DATA PROVIDED:
****************
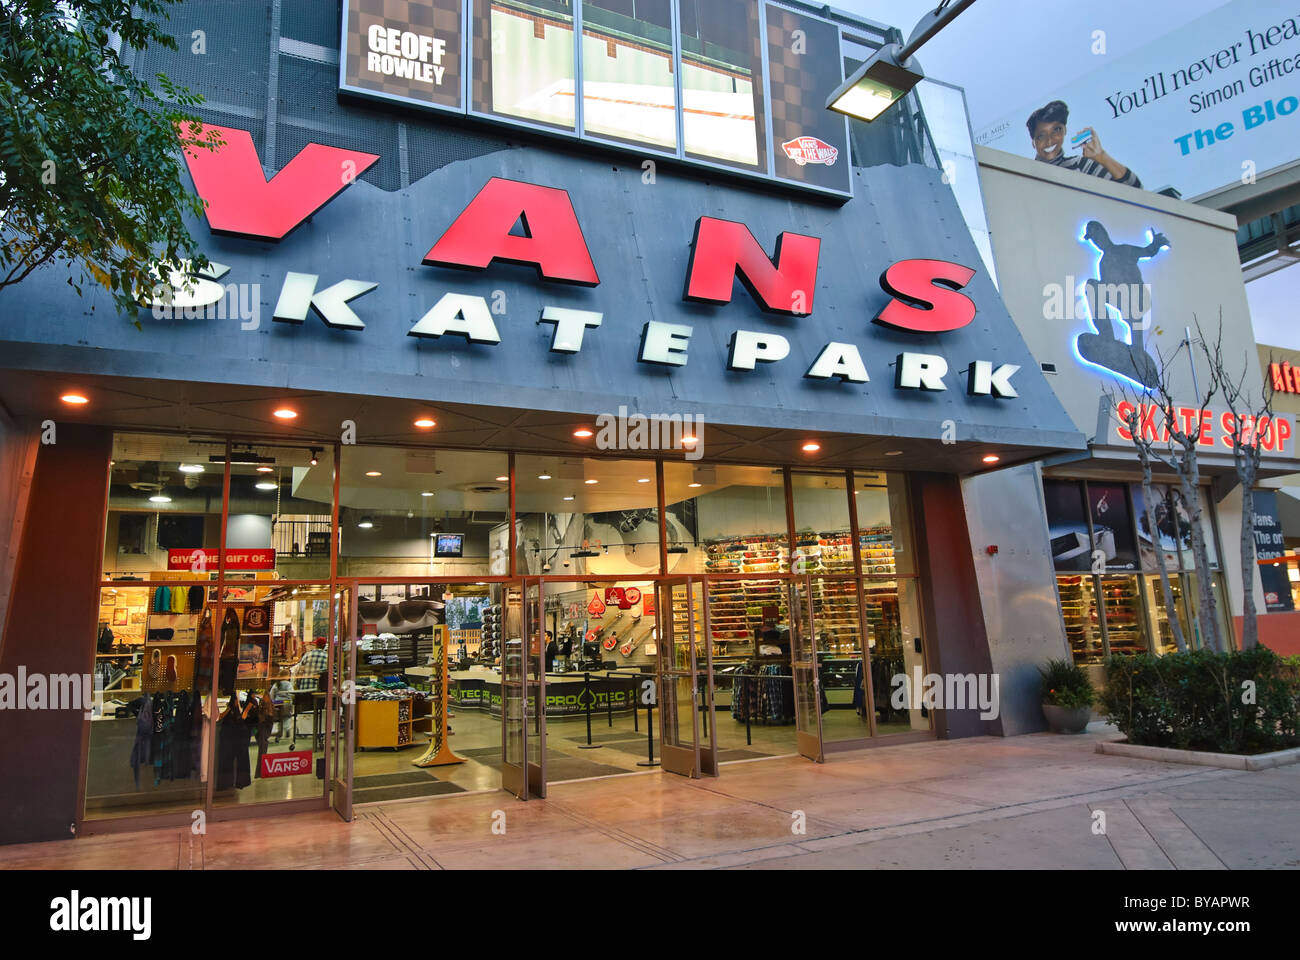 Vans skatepark and adjacent skate themed retail stores Stock Photo - Alamy
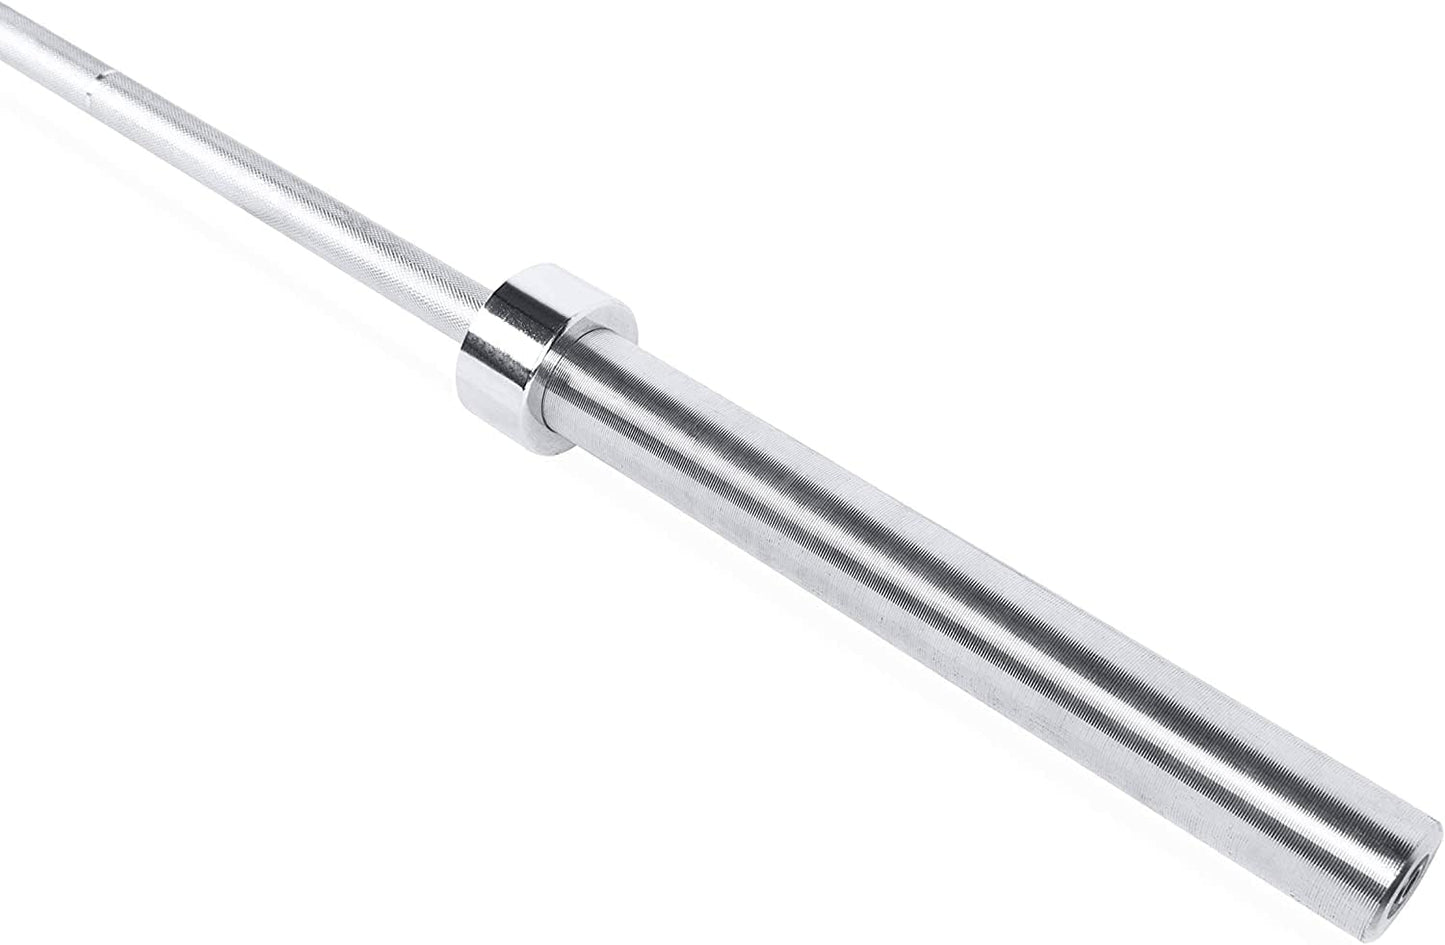 CAP Barbell Olympic 7 ft Bar 44 lb, 28mm Grip Diameter, Chrome - New Version (OBIS-85C)
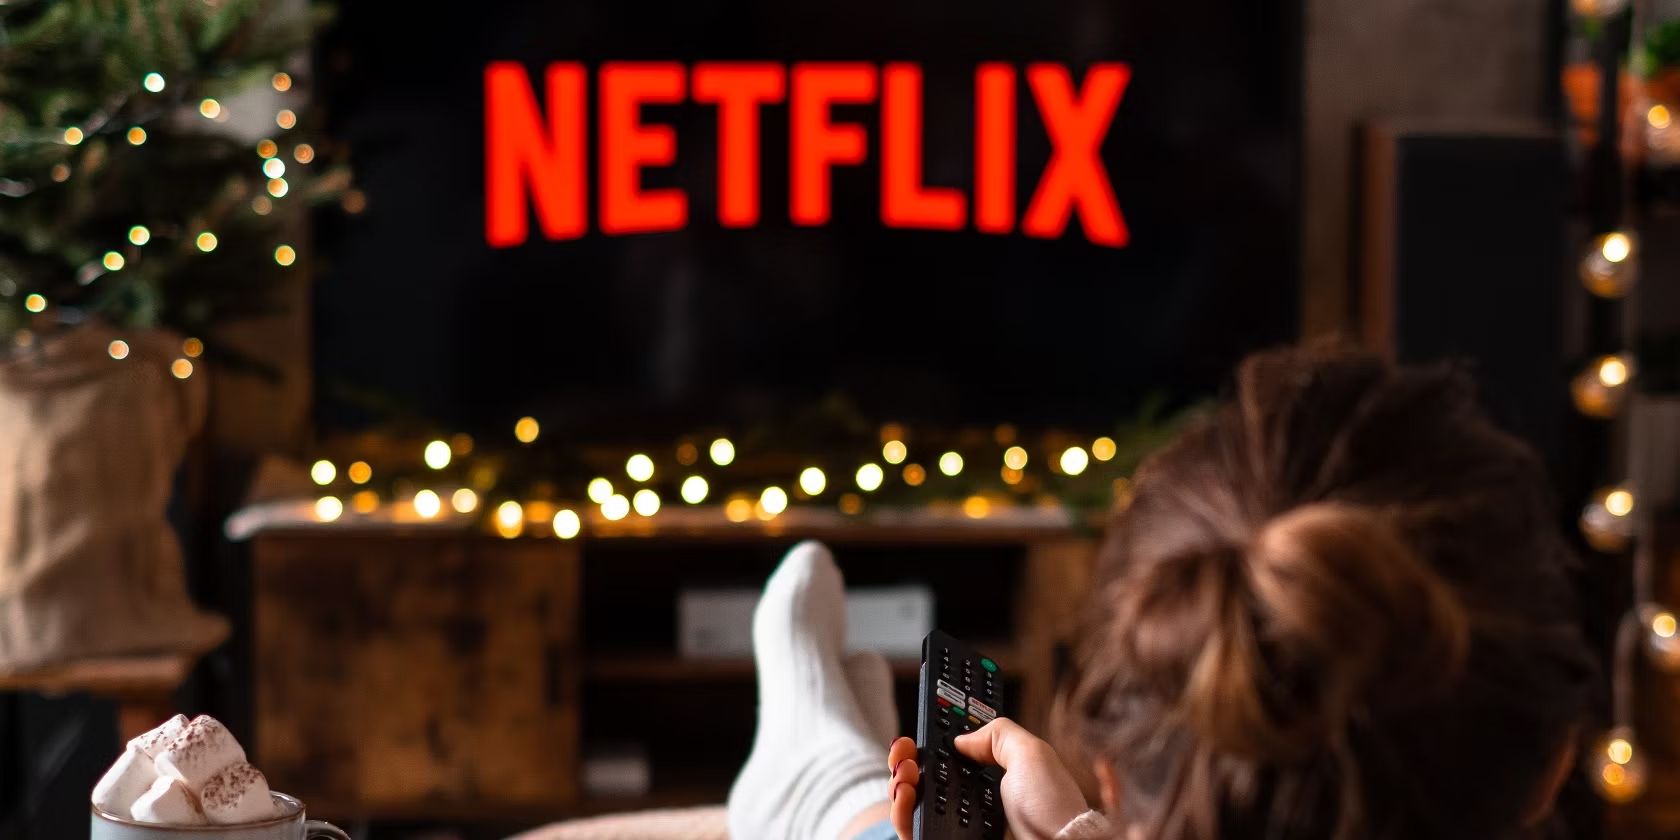 How To Make Netflix Full Screen On LG Smart TV
****************
PROBLEM TO WORK ON: Could you reproduce the data above exactly, without its pictures?

EXERCISE RESPONSE:
 Vans skatepark and adjacent skate themed retail stores Stock Photo - Alamy
 CAP Barbell Olympic 7 ft Bar 44 lb, 28mm Grip Diameter, Chrome - New Version (OBIS-85C)
 How To Make Netflix Full Screen On LG Smart TV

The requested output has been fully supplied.